Some research models AI takeover as being a disjunctive event, meaning that it will happen unless certain conditions are fulfilled, while others (such as Carlsmith) see it as a conjunctive event, meaning that a set of conditions must be met in order for the disaster to occur.
These framing effects don’t affect the final results when using point estimates. If we took the Carlsmith model and turned every proposition in the model into a negative statement rather than a positive: e.g., ‘APS systems will not produce high impact failures on deployment’, and take one minus our original probability estimates, then we will get the same final probability. But, crucially, if we have uncertainty around our probability distributions the conjunctive and disjunctive models do not behave the same way.
The paradox becomes even more paradoxical when you realise that reversing the framing inverts the effect. The Carlsmith decomposition says that catastrophe occurs when 6 events all occur. You could instead posit that catastrophe from superintelligence is inevitable unless 6 open technical problems are solved before then (in fact, in the post AI X-risk >35% mostly based on a recent peer-reviewed argument on LessWrong, Michael Cohen uses this framing). With this reverse framing, increasing meta-uncertainty drives the effect in the opposite direction, making it appear that catastrophe is more likely the more uncertain we are. Soares’ article on disjunctive AGI ruin scenarios conveys this view qualitatively, listing a number of things that he believes all have to go right to avoid an AI existential catastrophe: on such a model, general uncertainty about the world increases the chance of disaster.

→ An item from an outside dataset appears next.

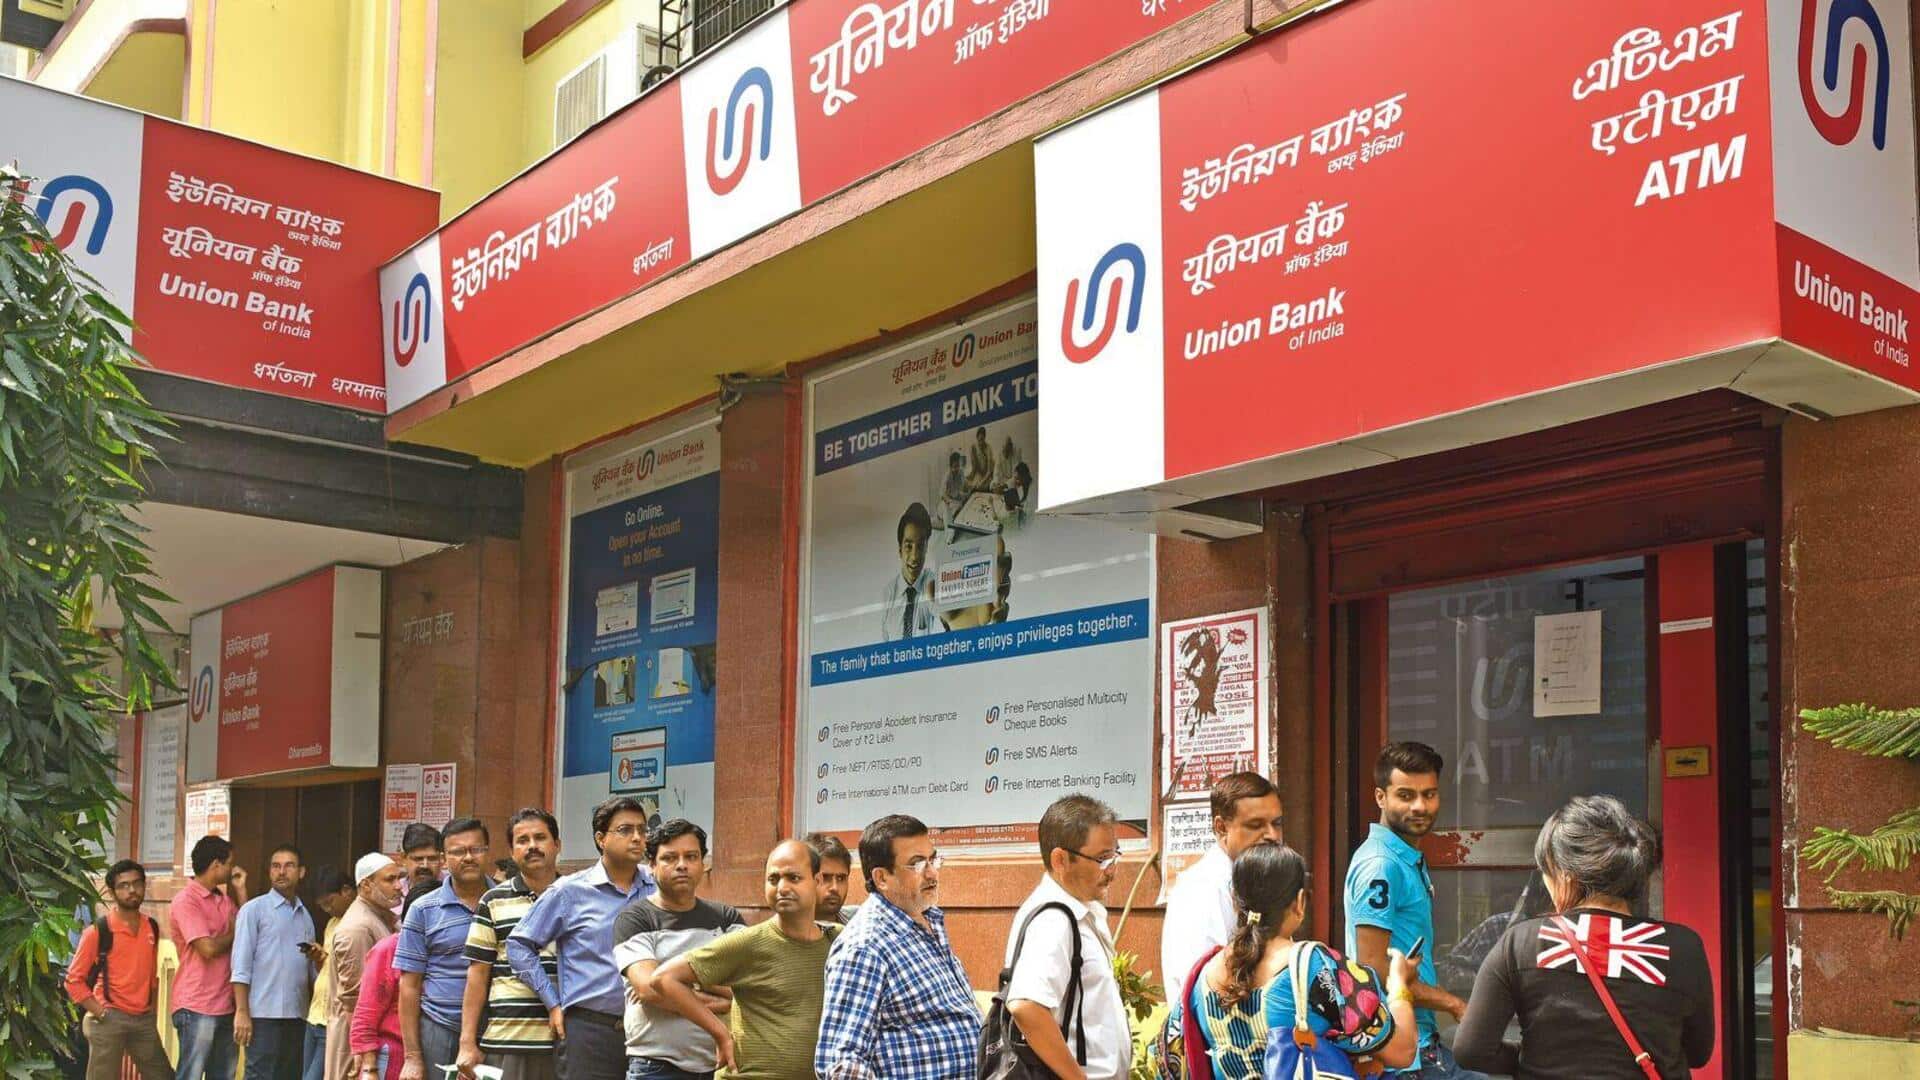 Union Bank surpasses Rs. 1L crore valuation; joins SBI, PNB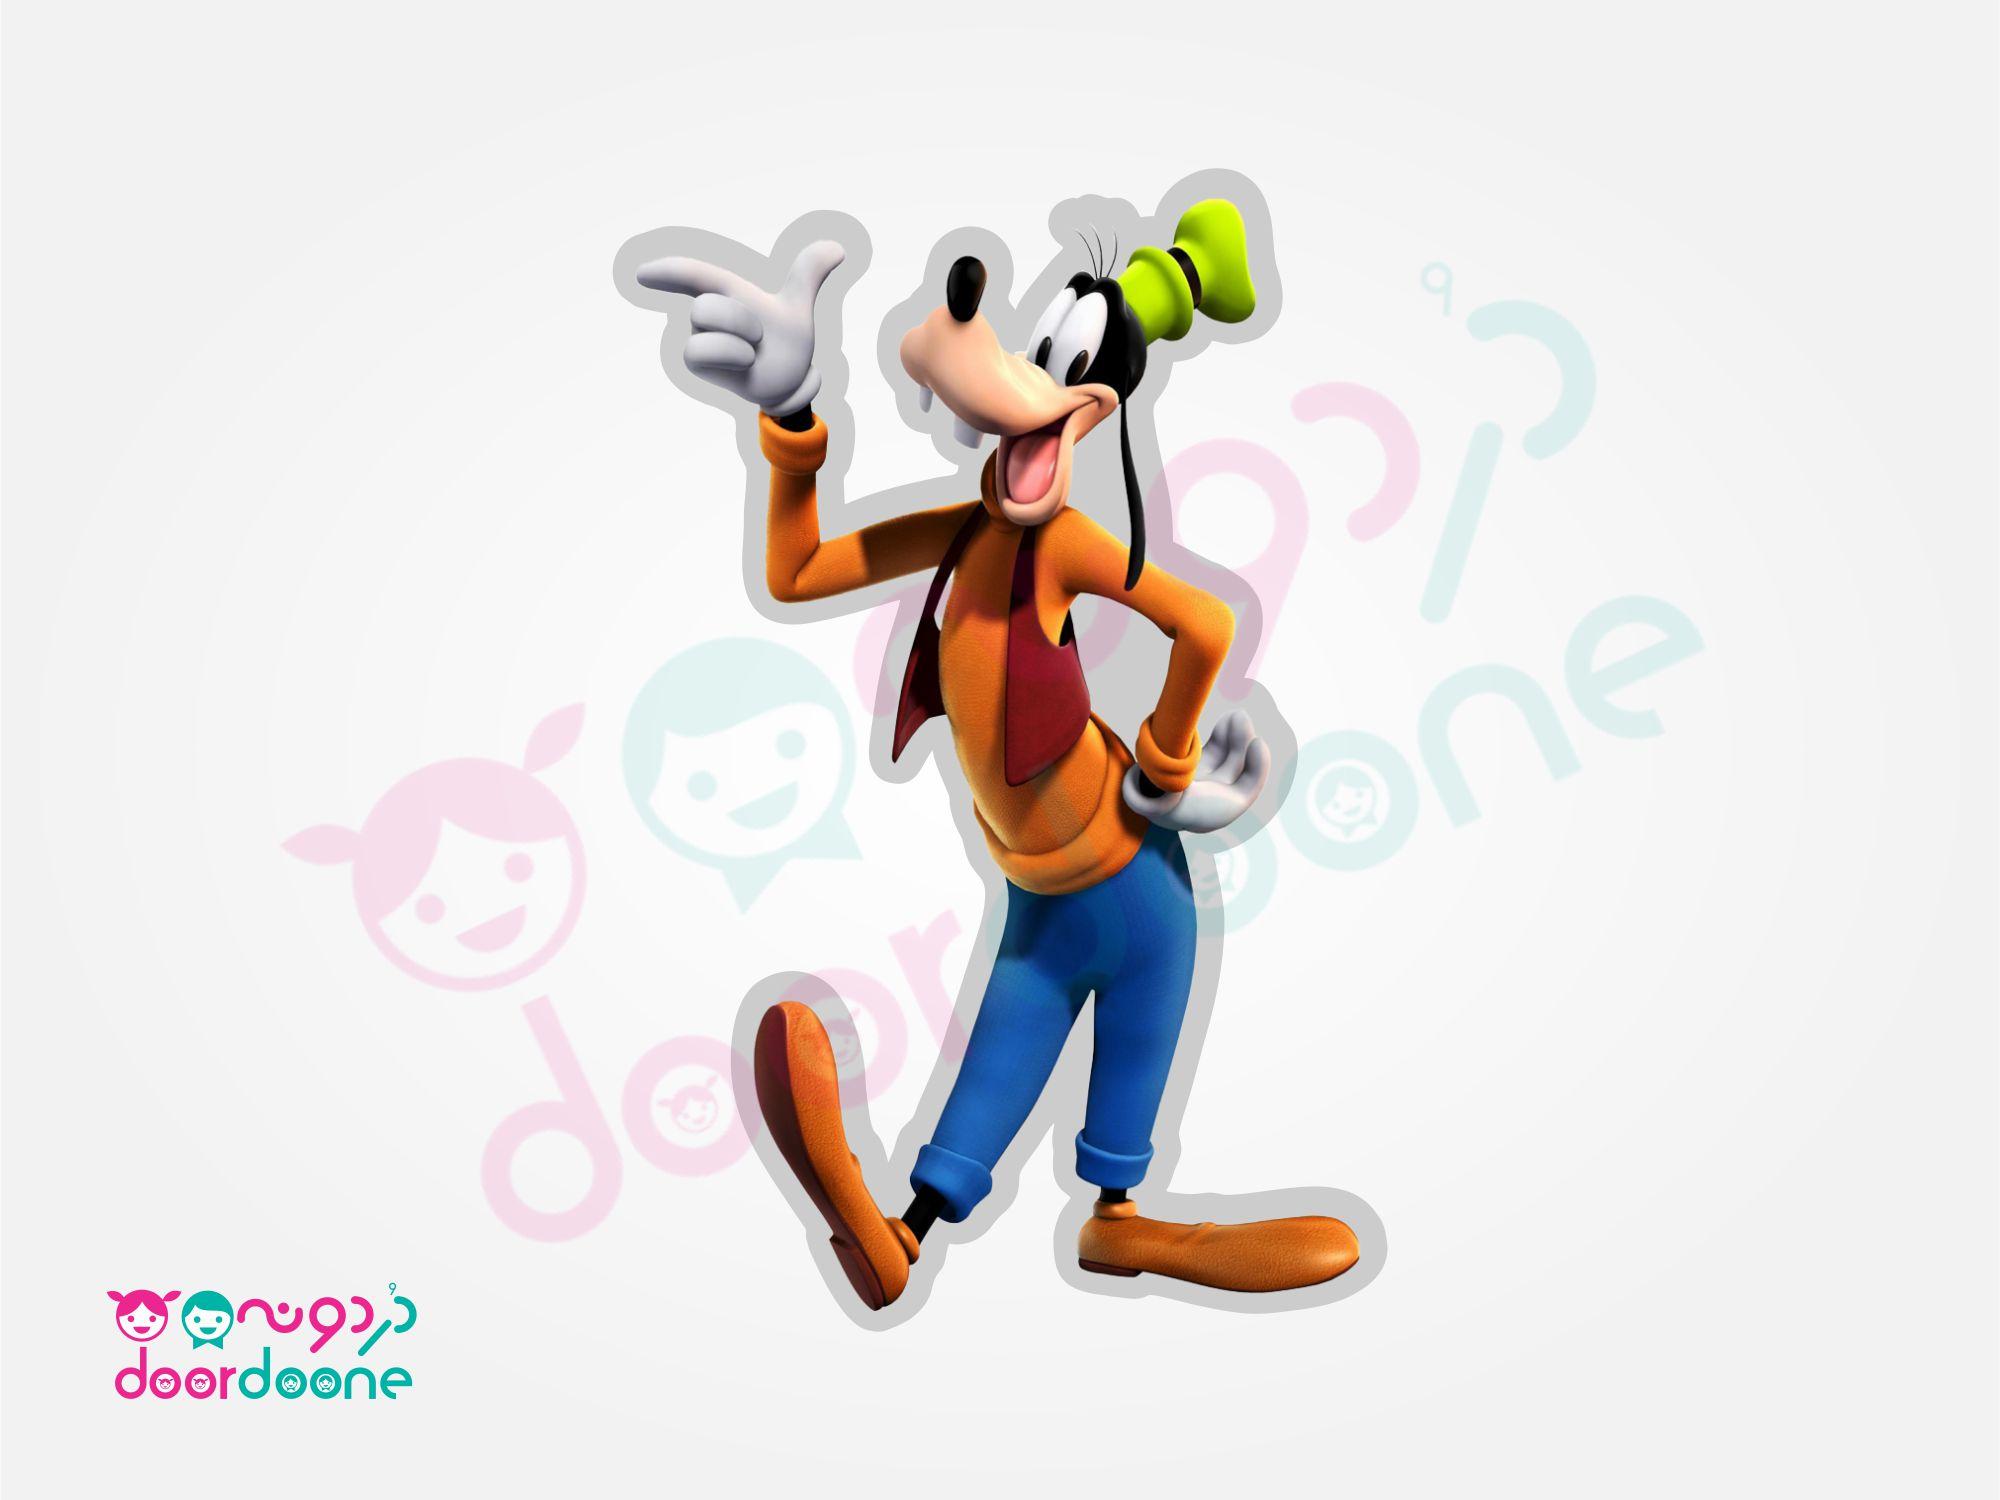 استند ميکی ماوس (Mikey Mouse) - ارتفاع 35 سانتيمتر

The paradox is, of course, an illusion. But because you could be easily misled, it is worth understanding this phenomena at a deeper level. The result in the previous graph is the product of six uncertain estimates. The following mathematical relationship, which is simply a rearrangement of the definition of covariance, shows that the arithmetic mean is stable as (meta-)uncertainty increases:
E[x y] = E[x] E[y] + cov(x,y)
In other words, when the assessment of each parameter is independent (implying a covariance of zero), then the mean of their product is the product of their means. Hence, a plot of the mean vs. level of meta-uncertainty would be a horizontal line. (Side note: Covariances between the parameter estimates are likely not really zero for numerous reasons, but the model does not include any representation or estimate of covariance. The relevant question is whether they are modelled as independent, and indeed they are in our model).
However, the median of a product decreases with increasing meta-uncertainty. This happens regardless of the shape of the meta-uncertainty distribution. In order for this to happen, the right tail of the meta-uncertainty distribution must increase to compensate for the drop in median. This means that as you have more meta-uncertainty, the meta-uncertainty distribution becomes more leptokurtic. The net balance, as shown by the stability of the mean, is that does not cause you to conclude the world is more (or less) safe.

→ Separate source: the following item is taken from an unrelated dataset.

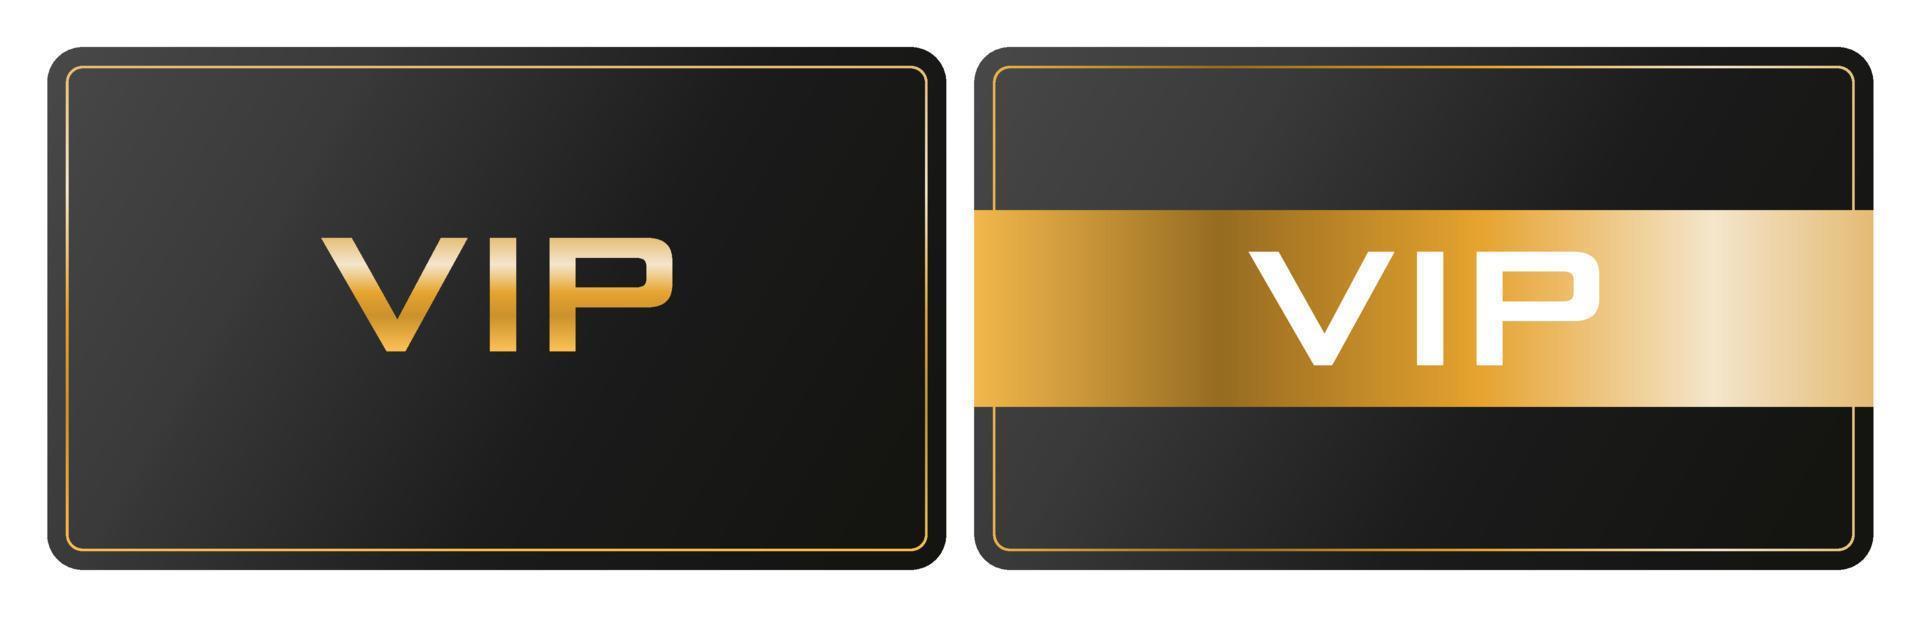 projeto de vetor de cartão de membro vip. símbolo de identidade premium

In our model, the mean actually does decrease ever so slightly with increasing meta-uncertainty. You’ll see this if you select the Mean view.
The waviness is due to the fact that this is computed by Monte Carlo simulation with a finite sample size. The slight decrease is because we hold the median of each distribution constant as we apply meta-uncertainty. The meta-uncertainty of each parameter is modelled using a Logit-Normal distribution, also called a Log-odds distribution, in which the Logit of the quantity is distributed as a Normal distribution. We keep the mean of the Normal constant as we increase its variance. When you do this, the mean of the logit decreases slightly, so that the mean of each parameter estimation decreases slightly. If you hold the mean constant instead of the median (which is easy to do), then the mean is entirely stable. We found the difference in these two options to be non-perceptible in the Probability Bands graph.
In the article ‘Is the Fermi Paradox due to the Flaw of Averages?‘, we reviewed the paper ‘Dissolving the Fermi Paradox (2018)’ by Sandberg, Drexler and Ord (SDO), and provided a live interactive model. The Fermi Paradox refers to the apparent contradiction that humankind has not detected any extraterrestrial civilizations even though there must be a lot of them among the hundreds of billions of stars in our galaxy. Like the Carlsmith model, the Drake equation (which estimates the number of detectable civilizations in the Milky Way) is a multiplicative model. SDO shows that by modelling uncertainty in each of the Drake equation parameters explicitly, the Fermi paradox ceases to be surprising.
The Fermi paradox model with explicit uncertainty and the Carlsmith model with explicit meta-uncertainty (the topic of this article) have the same mathematical form. We see the median and the lower quantiles decrease in the Carlsmith model with increasing (meta-)uncertainty, but this doesn’t really alter our effective judgement of risk. However, the increased uncertainty in the Fermi model dramatically increases the probability that we on Earth are alone in the galaxy. Why is the effect real in the Fermi case but only an illusion in the present case?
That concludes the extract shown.